### What the task asks
Copy the listing exactly as given. Omit every picture.

===== Provided data =====

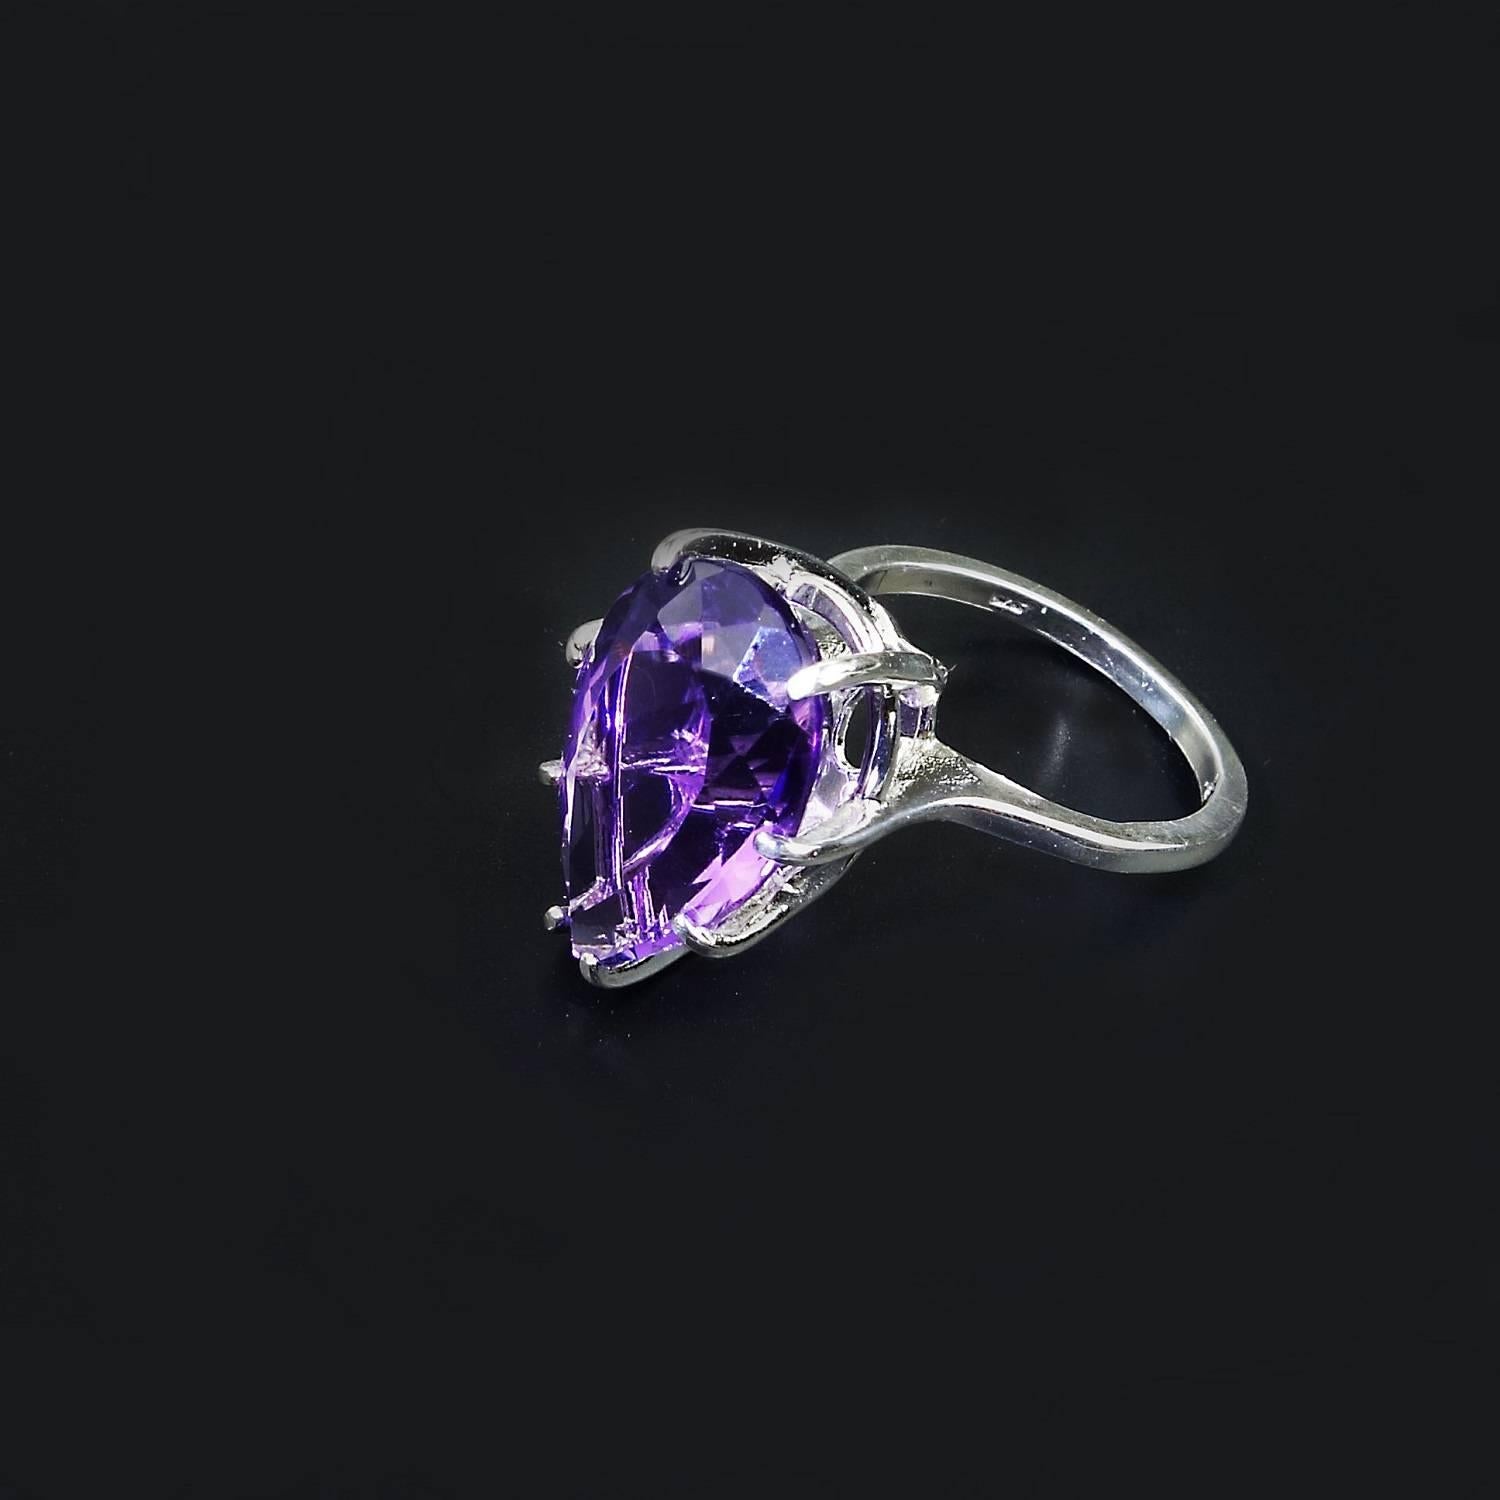 Custom made flashing Brazilian Pear shaped Amethyst set in Basket Style Sterling Silver ring.  This 10.85 carat Gemstone is a joy to wear.  This stunning gemstone came from our favorite supplier in the mountains outside of Rio de Janeiro. Amethysts
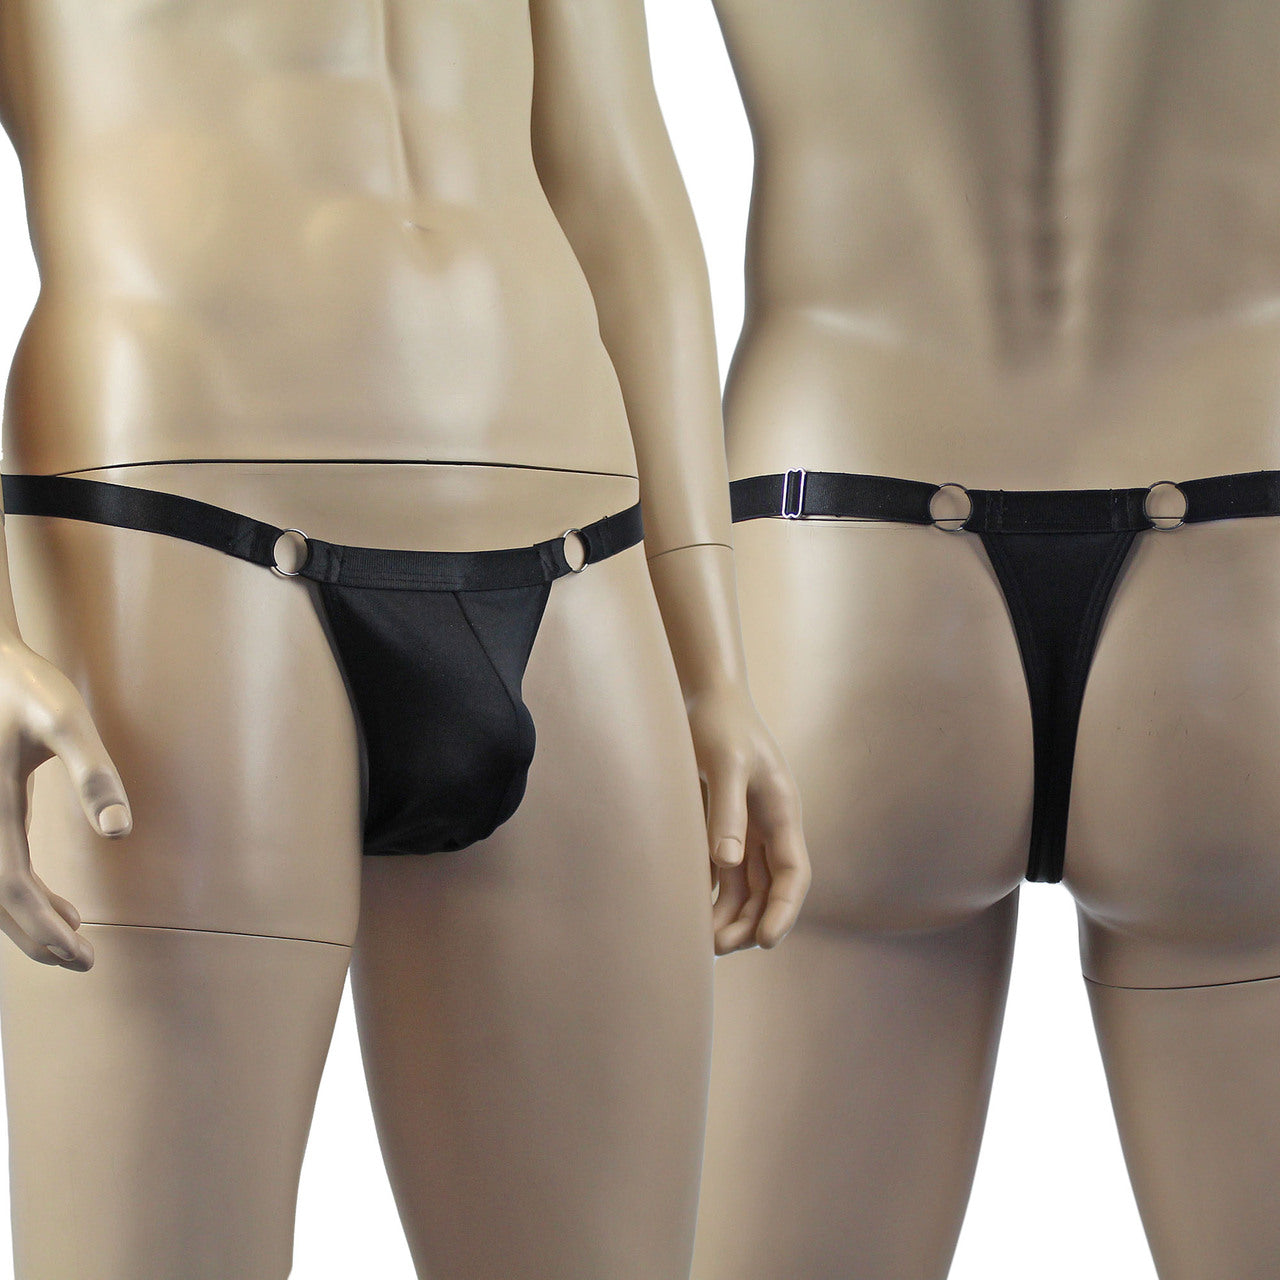 Male Jack Spandex Thong with Ring Sides and Adjustable Strap Black
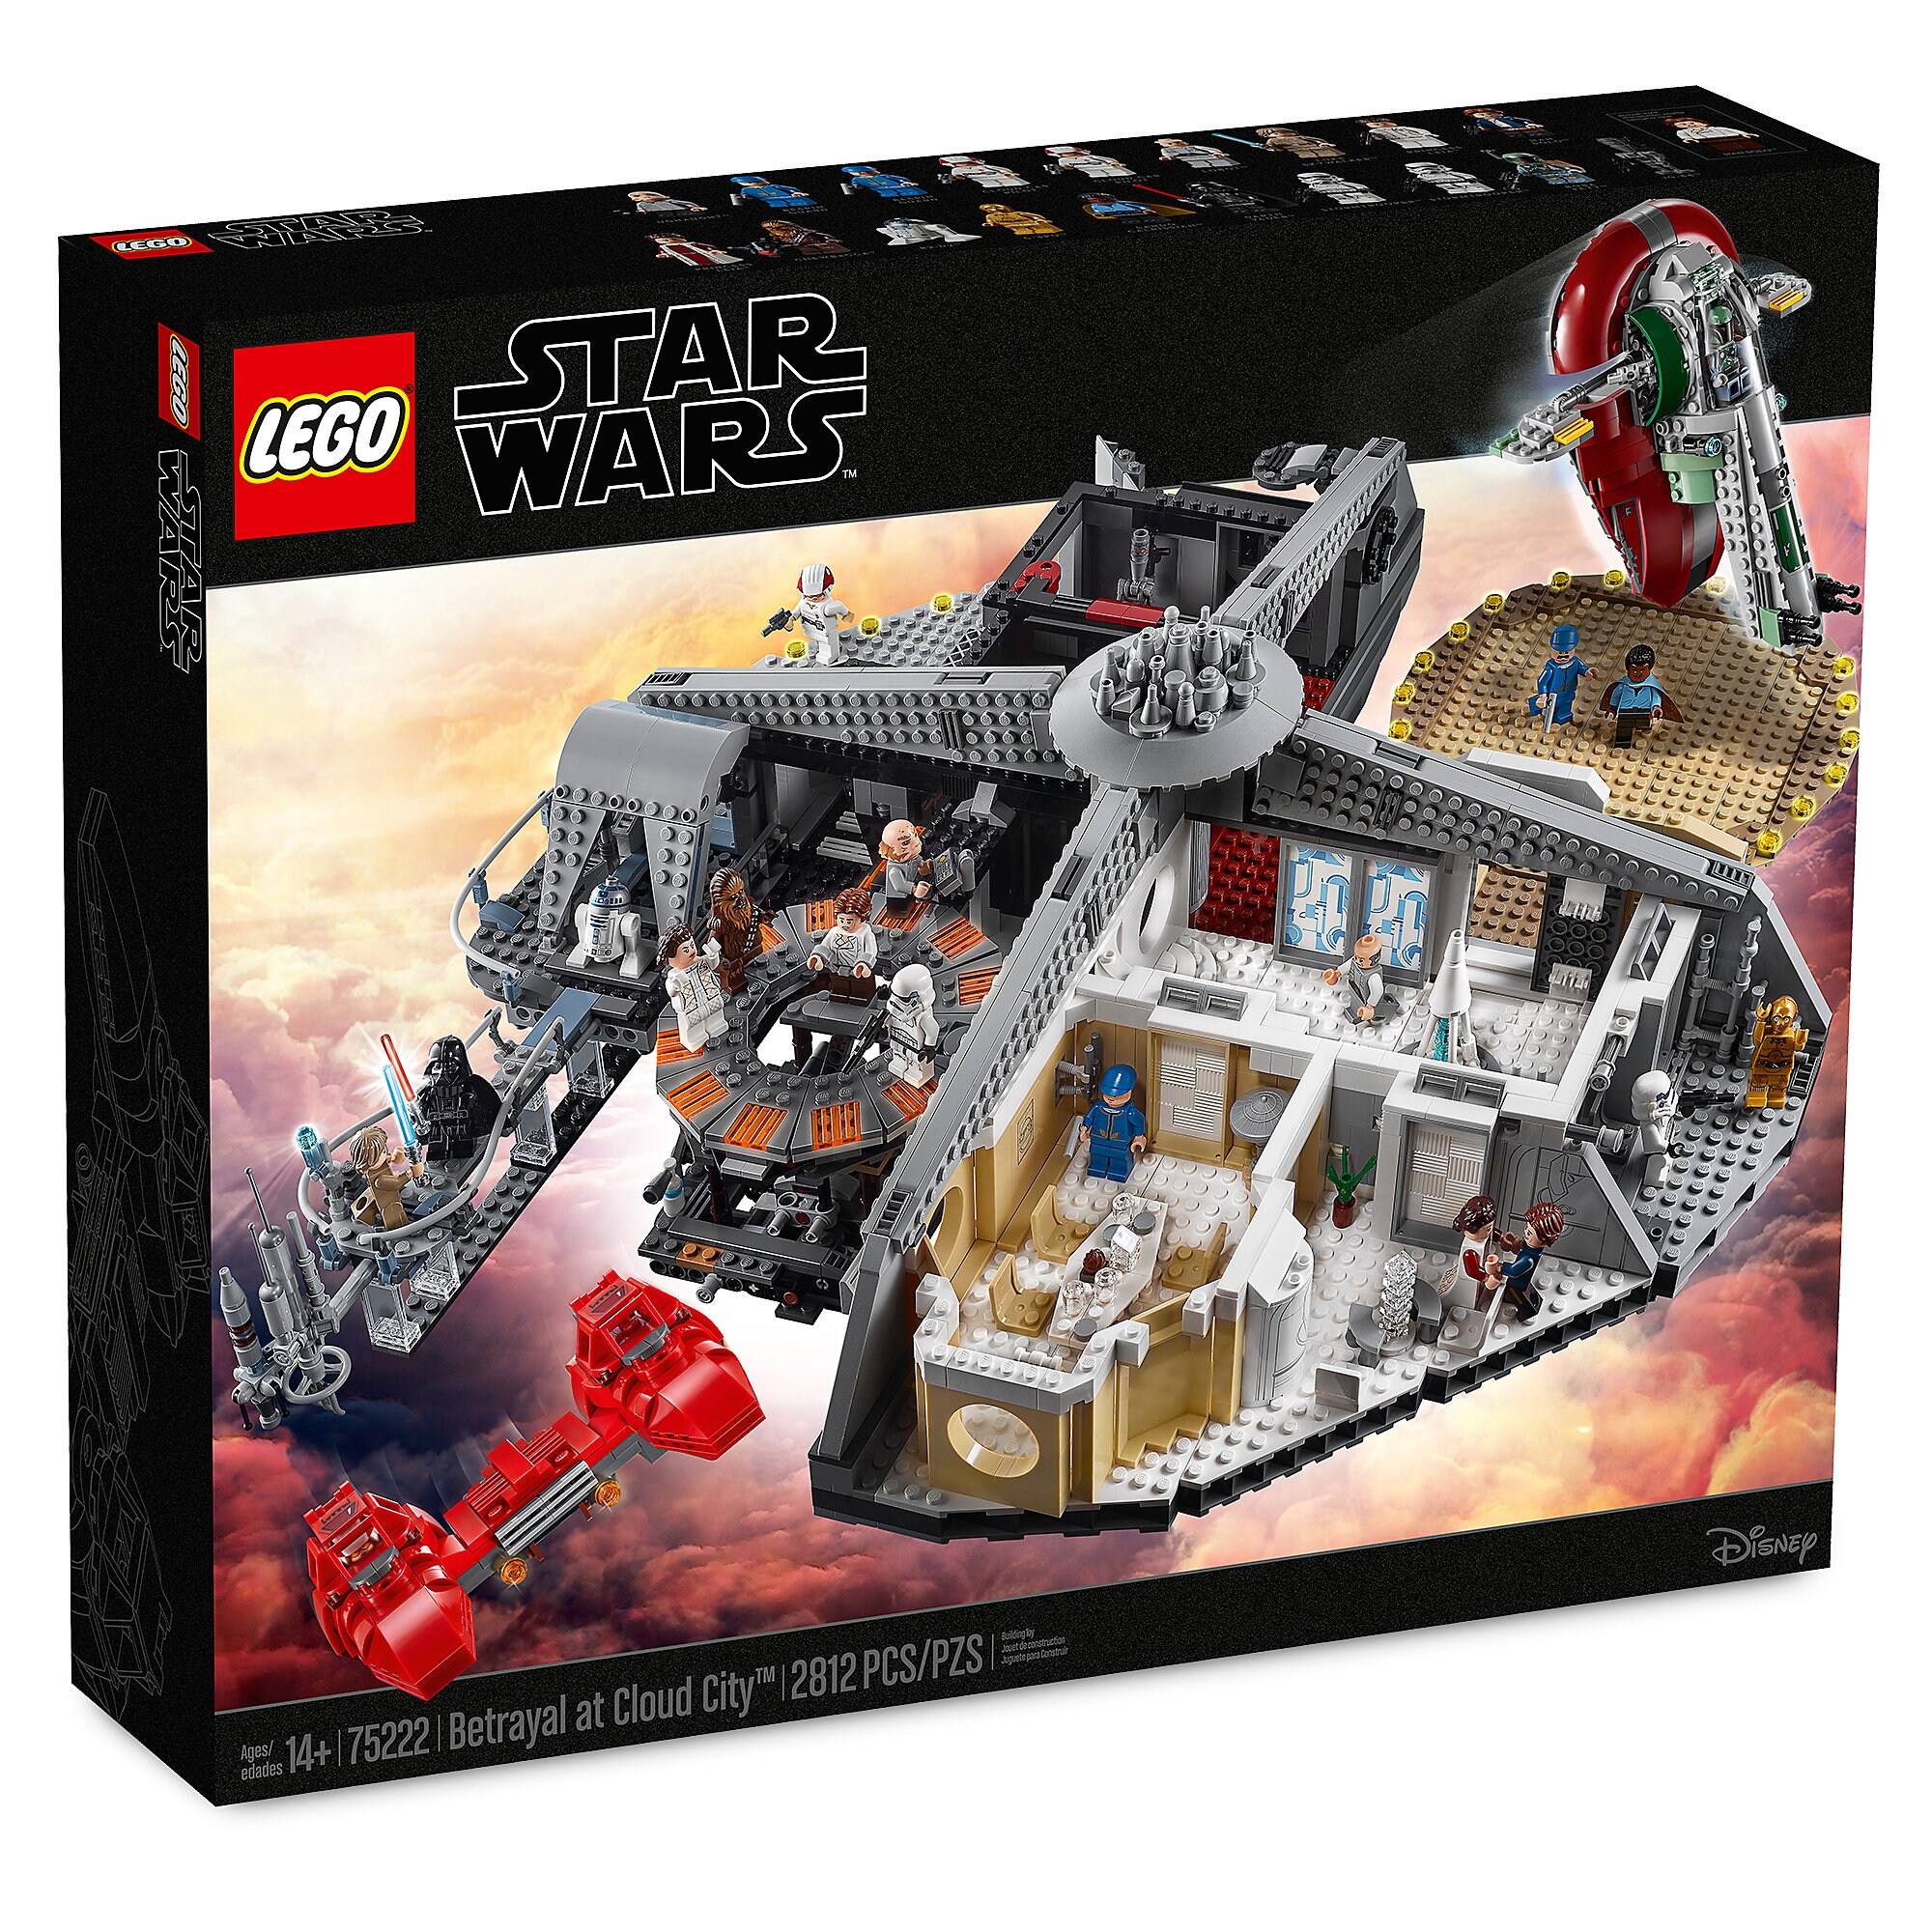 betrayal-at-cloud-city-playset-by-lego-star-wars-the-empire-strikes-back-is-now-available

=====

### Output
 Custom made flashing Brazilian Pear shaped Amethyst set in Basket Style Sterling Silver ring.  This 10.85 carat Gemstone is a joy to wear.  This stunning gemstone came from our favorite supplier in the mountains outside of Rio de Janeiro. Amethysts
 Male Jack Spandex Thong with Ring Sides and Adjustable Strap Black
 betrayal-at-cloud-city-playset-by-lego-star-wars-the-empire-strikes-back-is-now-available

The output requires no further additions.